As a threshold matter, the People correctly concede that the market value of the displayed cell phones could not be satisfactorily ascertained ( see People v. Vientos, 79 N.Y.2d 771, 579 N.Y.S.2d 633, 587 N.E.2d 271;People v. Bayusik, 192 A.D.2d 1073, 596 N.Y.S.2d 225,affd.83 N.Y.2d 774, 611 N.Y.S.2d 125, 633 N.E.2d 479). The store manager testified that phones placed on display are not sold to customers, and are only removed from display when the model is discontinued, at which point they are returned to the manufacturer. Having established that there was no market for current model cell phones that had been altered for secure display purposes, “[t]he People were not required to show whether the [phones] had an established value in the black market” ( People v. Vientos, 79 N.Y.2d at 772, 579 N.Y.S.2d 633, 587 N.E.2d 271). Accordingly, the People could establish value through the alternative method of cost of replacement ( seePenal Law § 155.20[1] ).

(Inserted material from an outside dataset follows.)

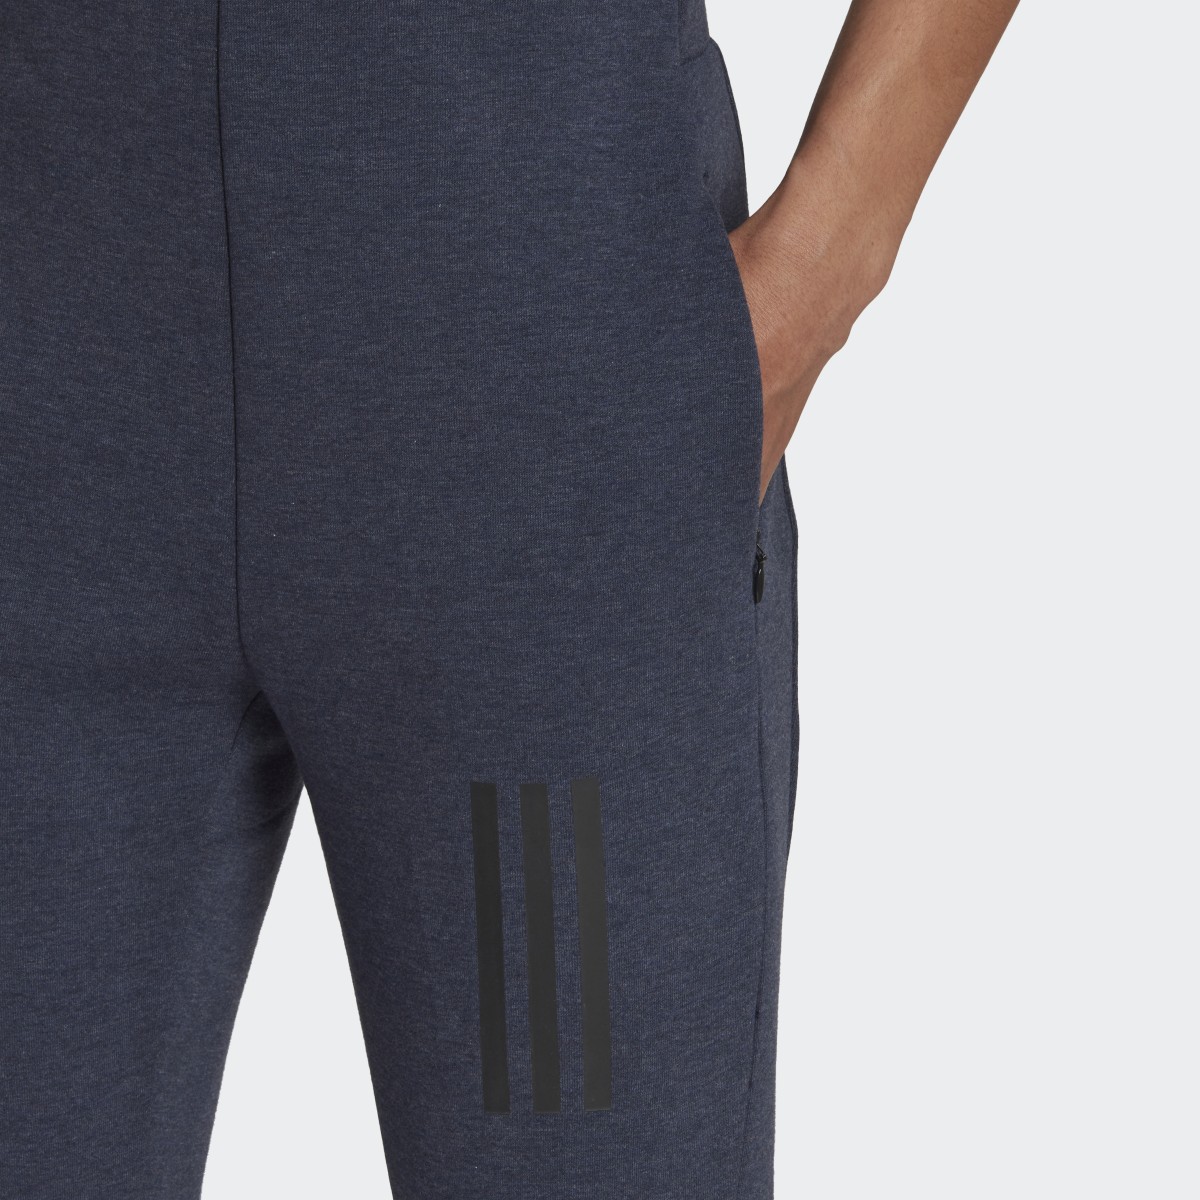 Adidas Mission Victory Slim-Fit High-Waist Pants. 5

Nevertheless, the defendant correctly contends that, notwithstanding the People's reliance on the cost-of-replacement method of valuation, the evidence was not legally sufficient to prove that the value of the phones exceeded $3,000. Any person who testifies as to the value of an item “must provide a basis of knowledge for his [or her] statement of value before it can be accepted as legally sufficient evidence of such value” ( People v. Lopez, 79 N.Y.2d 402, 404, 583 N.Y.S.2d 356, 592 N.E.2d 1360;see People v. Smith, 289 A.D.2d 1056, 1058–1059, 735 N.Y.S.2d 693). “Conclusory statements and rough estimates of value” that are unsupported by a basis of knowledge are insufficient ( People v. Loomis, 56 A.D.3d 1046, 1047, 867 N.Y.S.2d 772;see People v. Pallagi, 91 A.D.3d 1266, 1269, 937 N.Y.S.2d 486;People v. Gonzalez, 221 A.D.2d 203, 204, 633 N.Y.S.2d 482). Although the store manager testified generally regarding the range of estimated values that she would assign to the stolen phones, she failed to provide a basis of knowledge for her statement, and there was no specific proof as to the cost of replacing any particular phone ( see People v. Pallagi, 91 A.D.3d at 1269–1270, 937 N.Y.S.2d 486;People v. Seymour, 77 A.D.3d 976, 977–980, 910 N.Y.S.2d 487;cf. People v. Wandell, 285 A.D.2d 736, 728 N.Y.S.2d 578;People v. Mims, 178 A.D.2d 178, 577 N.Y.S.2d 37). As there was no other evidence as to the value of the stolen property, the People failed to meet their burden of proving every element of the crime of grand larceny in the third degree ( seePenal Law § 155.35), or grand larceny in the fourth degree ( seePenal Law § 155.30).
However, the evidence presented did establish the crime of petit larceny, which requires no proof of value ( seePenal Law § 155.25). Accordingly, we reduce the defendant's conviction of grand larceny in the third degree to petit larceny, and vacate the sentence imposed. Although the defendant has already served the maximum sentence that could be imposed for petit larceny ( seePenal Law § 70.15[1] ), we nevertheless remit the matter to the Supreme Court, Kings County, for the imposition of an authorized sentence for that offense ( see People v. Seymour, 77 A.D.3d at 980, 910 N.Y.S.2d 487;People v. Harvin, 75 A.D.3d 559, 561, 904 N.Y.S.2d 507).